What Is In-memory Computing, is it the Future of Computing?

In-Memory Computing is one of the paradigms that arises from placing the RAM very close to the processor , to the point of being placed in the same package or even within the chip itself. This paradigm is going to be very important in the future since many processors will be accelerated in speed, bringing the memory physically closer to the processor.

What is not in-memory computing?

One of the universal problems when it comes to CPU performance is the distance from memory.

Over time, mechanisms have been used to alleviate this distance, such as the use of cache memory, but as this difference grows, it becomes extremely important to shorten it by bringing the memory closer to the processor, and this is where the concept of memory comes in. in-memory computing.

The concept is to bring the memory closer to the processor in such a way that the latency of the instructions, which is the number of clock cycles it takes a CPU to perform that instruction, is shortened in the process.

The arrival of 3DIC processors (which are usually processors with several cores and / or stacked memory) will allow very large memory densities within the processor, which will achieve that memory within the processor (or highly close to the processor) can be used as if it were RAM memory or as a part of RAM, but with high speed.

The other reason for this is the fact that the instructions that are executed in conventional RAM have an energy consumption that is an order of magnitude and sometimes up to two orders of magnitude compared to the data being in the cache. As a processor has a limited energy budget to function it is important that the instructions consume as little as possible in order to gain performance / consumption in their design.

In the current paradigm, the clock speed of a processor depends on the energy consumption of the most expensive instructions in that regard. The idea for the future is to take advantage of the memory being close to the processor so that certain instructions are carried out with a lower power consumption than now and allow dynamic clock speeds depending on the type of instruction. For example, lighter power instructions may run at higher clock speeds than others due to lower power consumption.

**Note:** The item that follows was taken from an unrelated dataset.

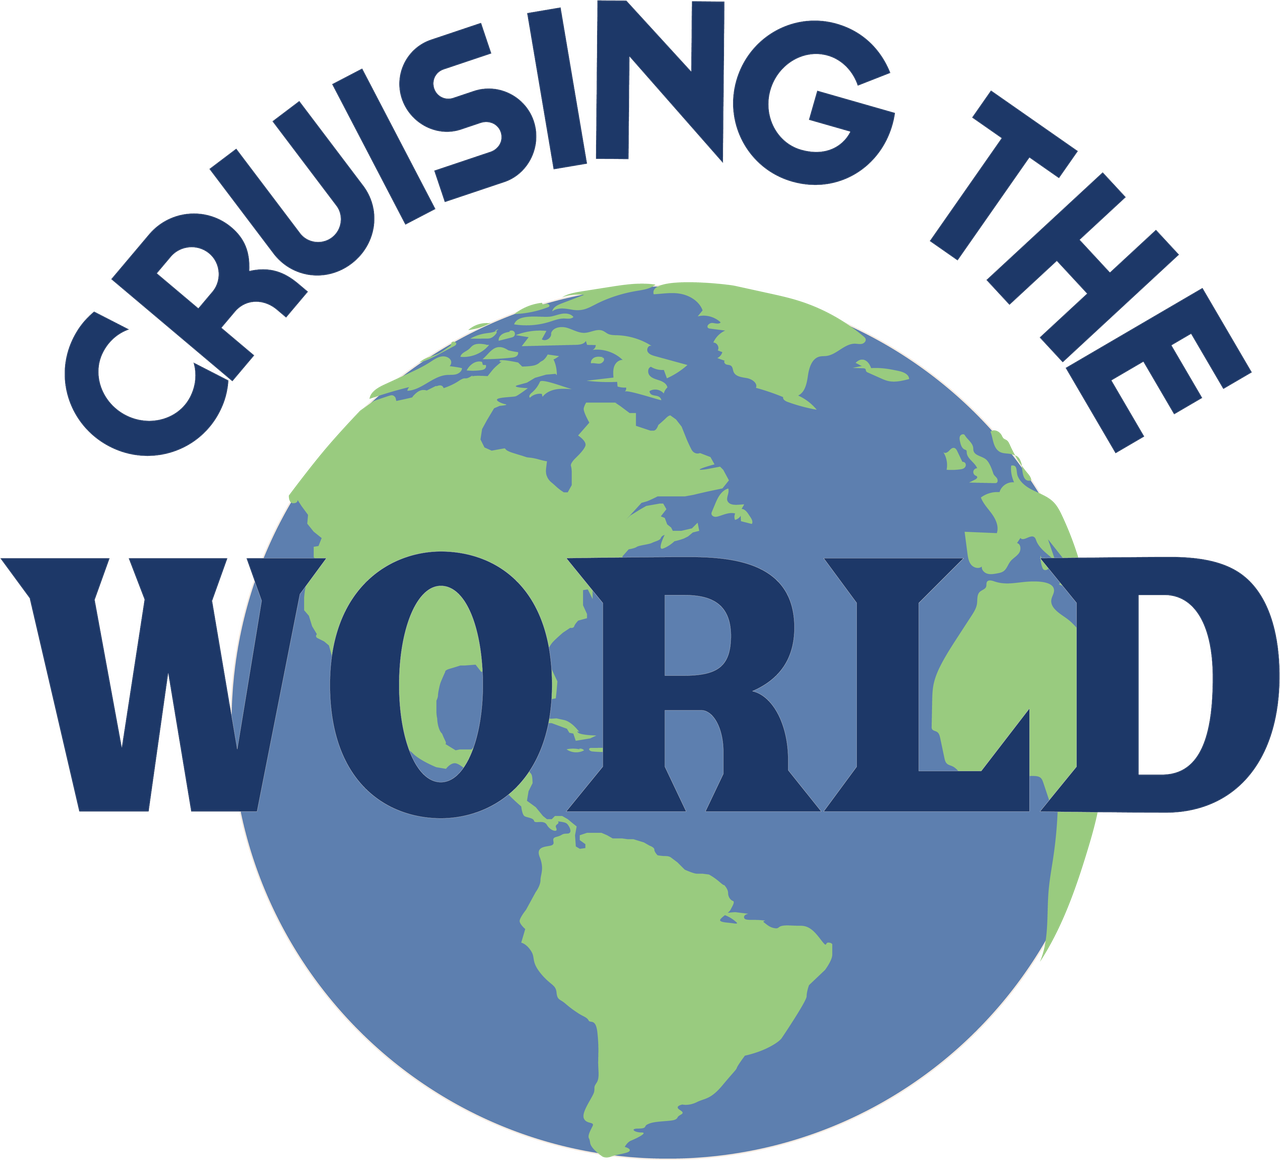 Cruising The World SVG Cut File

In other words, the CPUs of the future will not go at a fixed clock speed, but will fluctuate dynamically according to each instruction or the set of instructions that is executed at any given time.

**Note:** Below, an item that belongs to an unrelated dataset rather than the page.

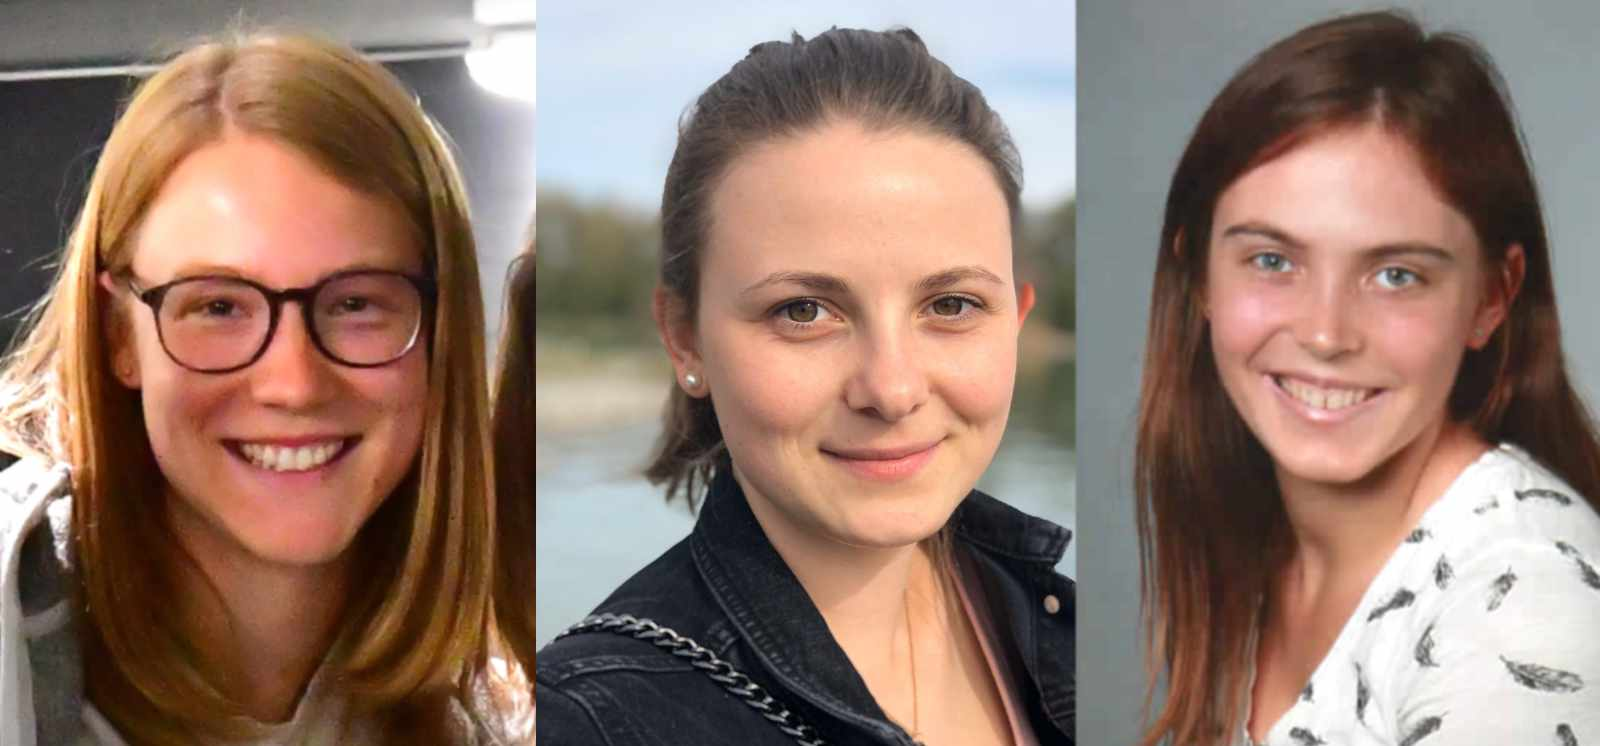 Unsere ISP-Studentinnen Fabienne Dinner, Jenny Neizert und Julia Joos

Bandwidth improvements by integrating memory into the processor.

The memory interface with the RAM at the physical level is serial, this means that if you want a high bandwidth you have to make the controller larger and since the memory controller is located on the periphery of the processor this means increasing the chip size and thus its costs. The other option is to increase the clock speed, but this exponentially increases the overall power consumption between the RAM and the processor that uses it.

The idea of integrating the RAM in the same package or on the same chip is to be able to use wider memory interfaces, usually in matrix. For example, a 1024-bit bus would take up a very large space on the perimeter, but we can either connect the memory vertically to the processor or connect both separately to a common substrate.

This allows a 1024-bit interface, for example, to be converted to a 32 × 32 interface, occupying much less area. The idea of having a large number of pins for intercom means being able to achieve much higher clock speeds without having to pull very high clock speeds.

Keep in mind that, for example, having a 64-bit bus at 2 GHz is not going to consume the same as a 128-bit bus at 1 GHz, but twice as much, so it is important to be able to increase the number of interconnections with the memory.

The idea in computational RAM is to have much larger bandwidths than in conventional memory, at the same level almost as a cache, in such a way that instructions that depend on bandwidth on the one hand and those that depend on latency benefit equally from this paradigm.

The handicap for computational memory: temperature

The problem with adding a processor and memory together, to create what we call in-memory computing, is that they both generate a large amount of temperature together, so we run into the problem that despite decreasing the time per instruction in what the number of cycles is concerned. It can be limited in the clock speed in order to avoid reaching high temperatures in the process that fry the processor.

It is also the reason why it is an extremely expensive solution and we may not see it in the domestic markets. The fact that a processor with memory can achieve high clock speeds stably is a rarity and such processors may end up being so expensive that they are commercially unfeasible.

Actually, this is the reason why in the range of high-performance processors there is no talk of stacking memory on the same chip in the medium term, but there is talk of adding processors in memory, which is not the same than memory in processors. This concept is called Computational RAM or in-memory computing or in-memory processor.